Monday, April 11, 2011

Secondhand Lions

Eccentric relatives are usually the relations that we learn the most from, whether it's the fact that we are taking life way to seriously or that we just need to relax and let things take their course. Here the relatives are played by Michael Caine and Robert Duvall, as the uncles, and with the stories that they tell their nephew throughout the film you can just about see someone from your own family being to be played out in front of you. The story is laid out very well, and doesn't allow either of the two stars to take too much of a commanding position in the tale. Like in most families one brother is usually more domineering than the other and that is the case here, but the two complement each other in a way that you can tell that neither would have survived their lives if the other wasn't there. Walter's mother has just dropped him off with his rich, eccentric and gun toting great-uncles for the summer, and Walter is about to learn the life lessons he'll need to grow into a man. Almost the entire film takes place on the uncles farm, and through the stories that are told you realize that the reason for the uncles wanting to be alone is just that they had always lived their lives the way they wanted to and no one was going to stop them. The twists and turns that this tale takes are very well placed and keeps the story moving to the point that by the end you feel that you know these characters well enough to call them family.
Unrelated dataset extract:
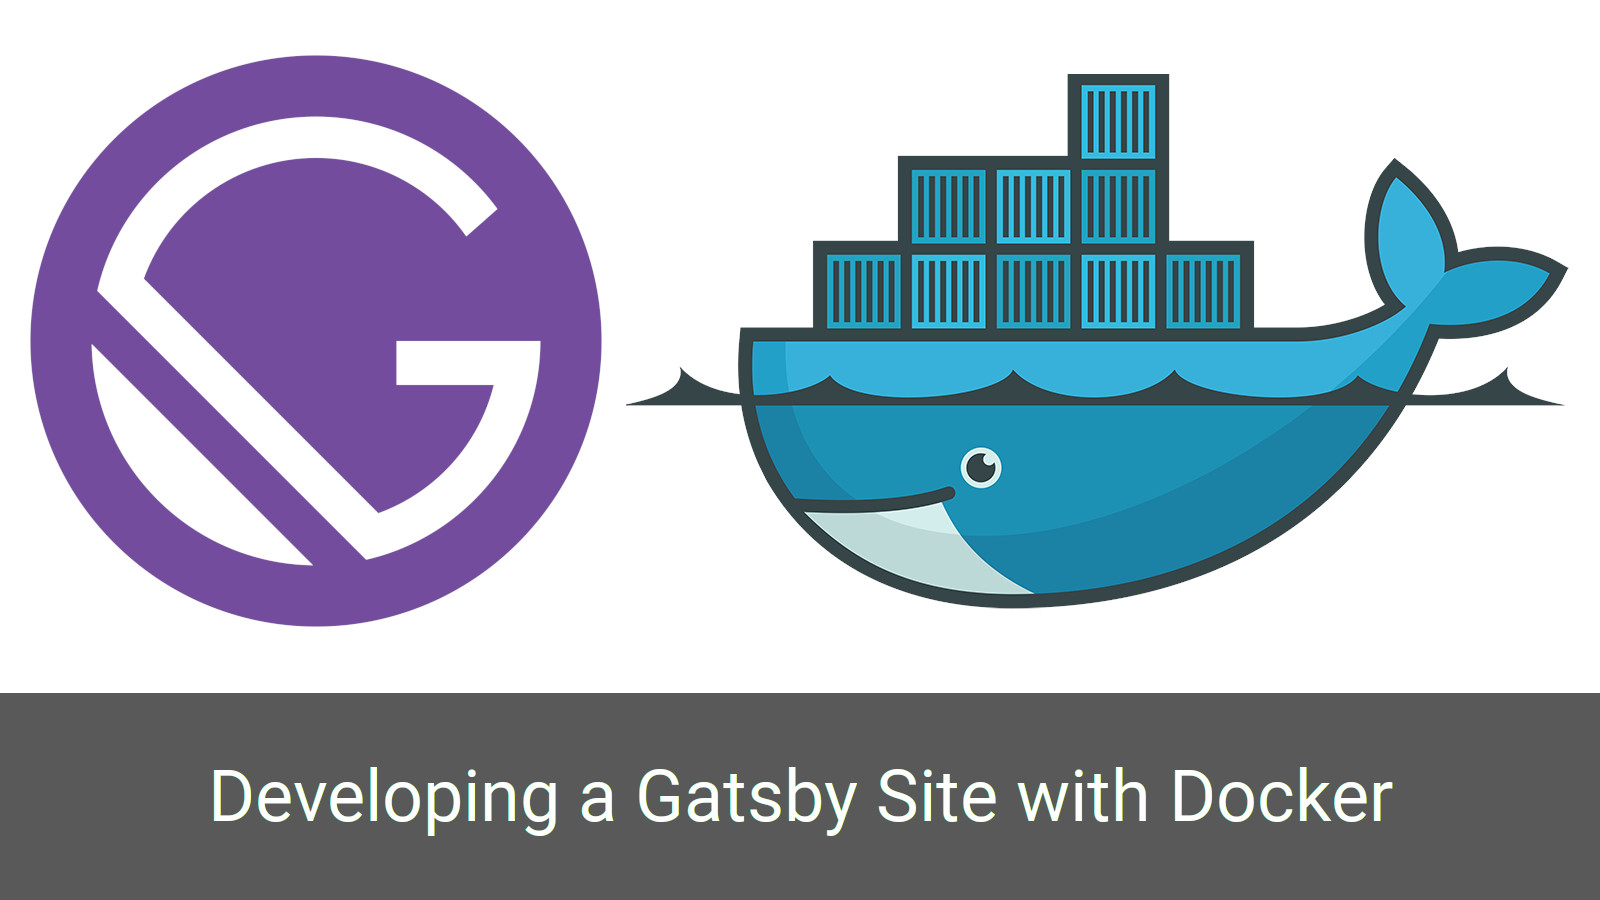 Developing a Gatsby Site with Docker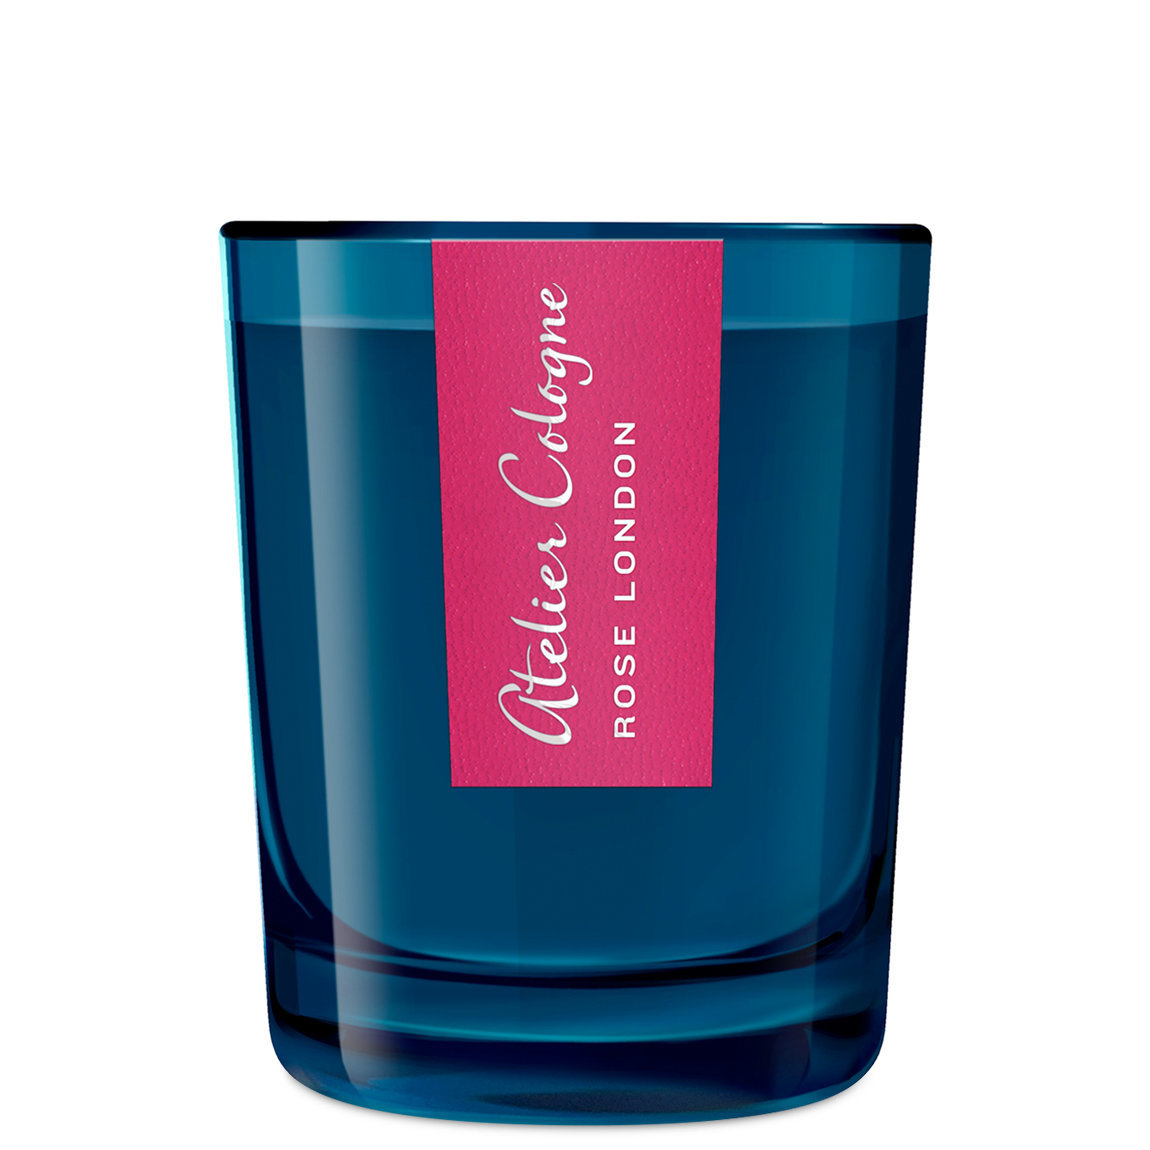 Atelier Cologne Rose London Candle alternative view 1 - product swatch.

This film will give you a new appreciation for the older relatives in your family, and make you wonder about the lives that they have lead and the stories that they told you. After watching this film I realized that my grandfather at one time or another told me stories about his youth and how things were different back in the day. Stories about how he lived and grew up on a farm in Pennsylvania and how he went into World War II and the fighting he did. Between the guns, the pet lion and the stash of money somewhere on the property it's like watching home movies of the family, well maybe not all of it, but I can dream can't I.